Como Vázquez Montalbán, contra Franco, Sastre vivía mejor. Bueno, no, vivía de pena porque el régimen la tenía tomada con él, le censuraba sin parar y no lo dejaba en paz. Pero cuando llegó la democracia, Sastre fue de los que no se dieron por enterados, tal vez porque la muerte del dictador le desposeía de su leitmotiv vital. Puede que otro hubiese disfrutado de poder estrenar sus piezas teatrales sin censura, pero nuestro hombre no estaba para componendas, así que decidió que la monarquía parlamentaria era una continuación del franquismo con otro nombre y se puso a buscar una causa que le impidiera creer en aquello de que, muerto el perro, se acabó la rabia. La encontró en el independentismo violento vasco, y a ella se entregó con un entusiasmo digno de mejor causa. Eso sí, fue un pionero a la hora de denigrar la transición: los representantes de la Nueva Izquierda Imbécil lo hacen ahora, pero Sastre ya lo hizo en plena transición: ¡a él no se la daban con queso esos fascistas disfrazados de demócratas!
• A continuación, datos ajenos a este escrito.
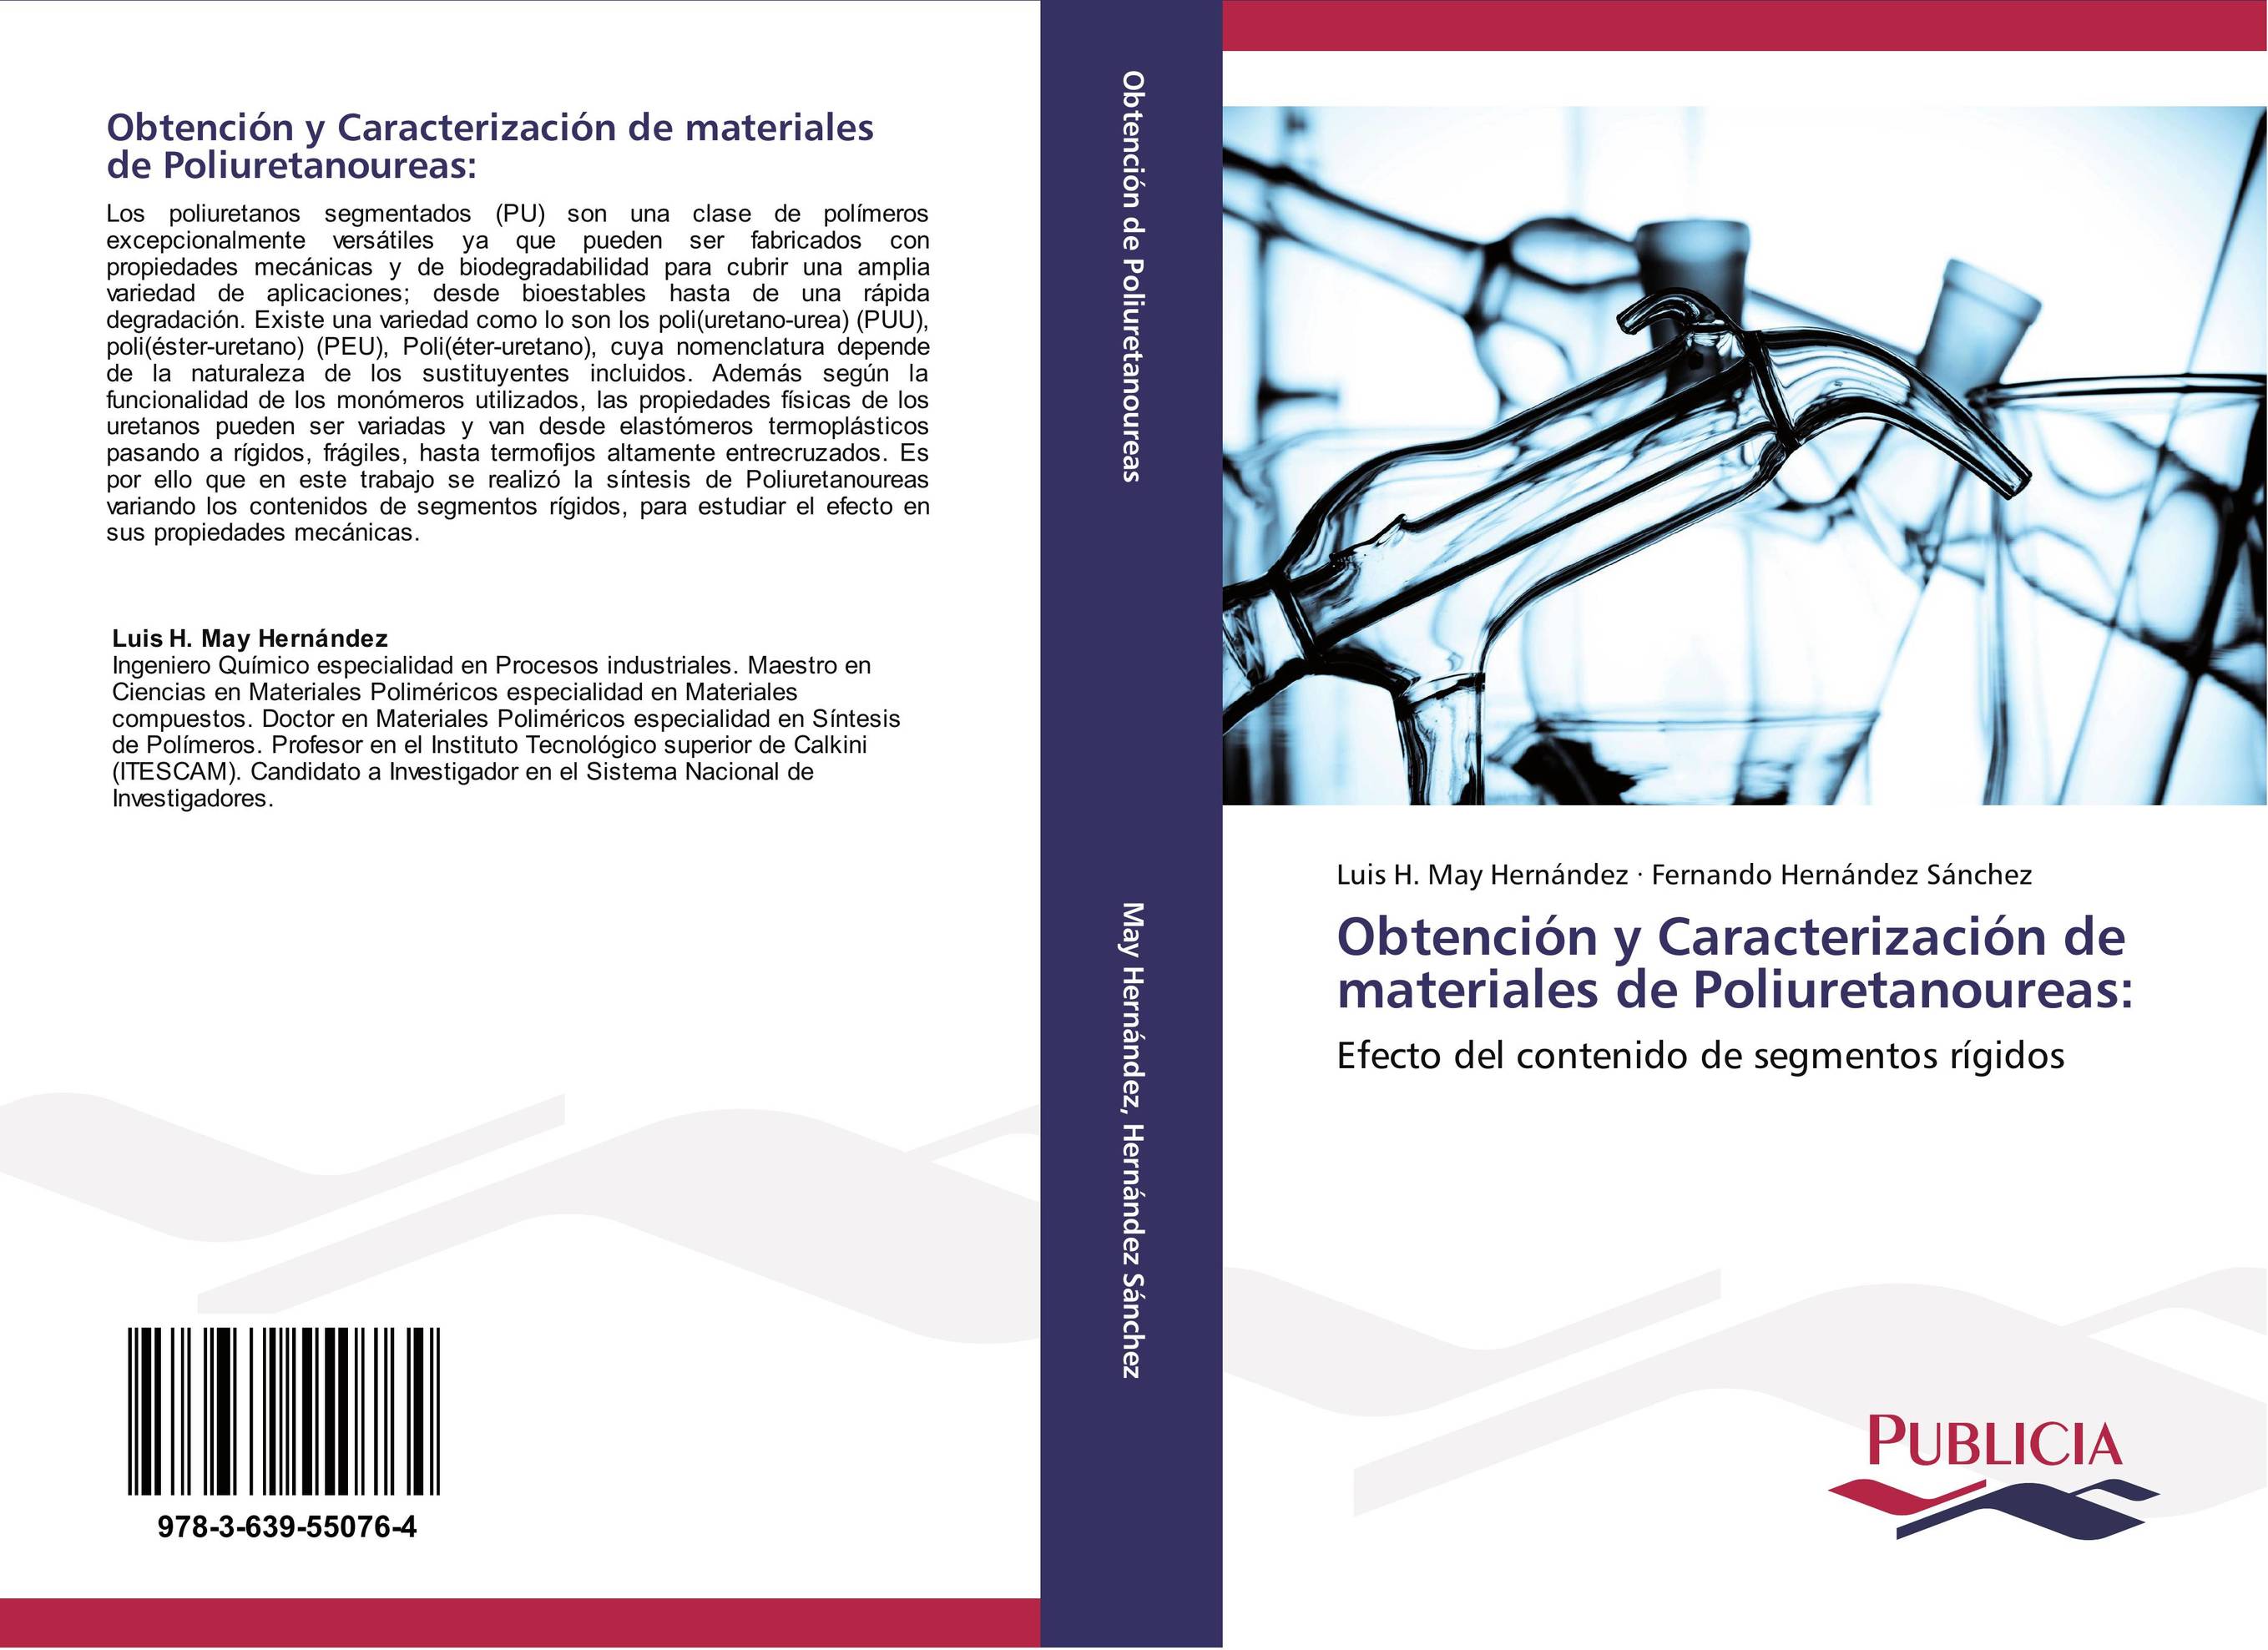 Obtención y Caracterización de materiales de Poliuretanoureas:

Su caso recuerda un poco al de Bergamín, que también metió la pata en sus últimos años con el mismo tema, ensuciando una hoja de servicios hasta entonces bastante limpia (aunque dejó unos versos que cada día me definen mejor: “Qué poco me va quedando / De lo poco que tenía! Todo se me va acabando/ Menos la melancolía”). Y se anticipa (otra notable labor de pionero) al inefable Ramón Cotarelo, otro madrileño que se ha apuntado a otra causa idiota, aunque en su caso en Cataluña, donde, tras perder el tiempo en la capital haciéndole la pelota a Rodríguez Zapatero sin que cayeran ni prebendas ni ministerio alguno, se dedica a hacer lo propio con Carles Puigdemont, sin que los resultados hasta el momento sean tampoco como para echar cohetes (y este ni siquiera ha sido capaz de legarnos unos versos tan brillantes como los recién reproducidos).
En los años 60, Sastre se las tuvo con Buero Vallejo, otro dramaturgo de izquierdas aquejado de problemas con la censura. Buero acusaba a Sastre de radical e intransigente y este, a su vez, lo tildaba de complaciente y acomodaticio. Cada uno interpretaba su papel: Buero, el del Rojo Posibilista; Sastre, el del Rojo Irredento. Mientras el primero intentaba ganarse la vida y explicar historias críticas con el régimen sin que se notara mucho para no acabar en el talego, el segundo se cerraba en banda a cualquier concesión. Y cuando le llegó el momento de expresarse sin cortapisas, no lo quiso aprovechar, se disfrazó de vasco y se dedicó a despotricar durante todos los años que le quedaban de vida, que en 1977 eran bastantes.
La España democrática no se ha portado tan mal con él. Cierto es que su obra La taberna fantástica la escribió en 1966 y no pudo estrenarse hasta 1985, pero ese año le cayó el Premio Nacional de Teatro. En 1993 obtuvo el de Literatura Dramática por Jenofa Juncal. En 2003, el Max de Honor por su contribución a la creación teatral. Y el próximo 4 de octubre, la SGAE le entregará, a título póstumo, la Medalla de Honor. No sé cómo se tomó estas distinciones, pero intuyo que no muy bien, dado que el perverso Estado español seguía empeñado en hacerle le vida imposible a su Euskadi soñada. Tenía razón Marx en lo de que la tragedia se repite en forma de farsa: la chaladura abertzale de un dramaturgo notable tiene ahora su réplica en las memeces de Cotarelo. ¡Qué tiempos estos, en los que hasta zumbarse ha ido a peor!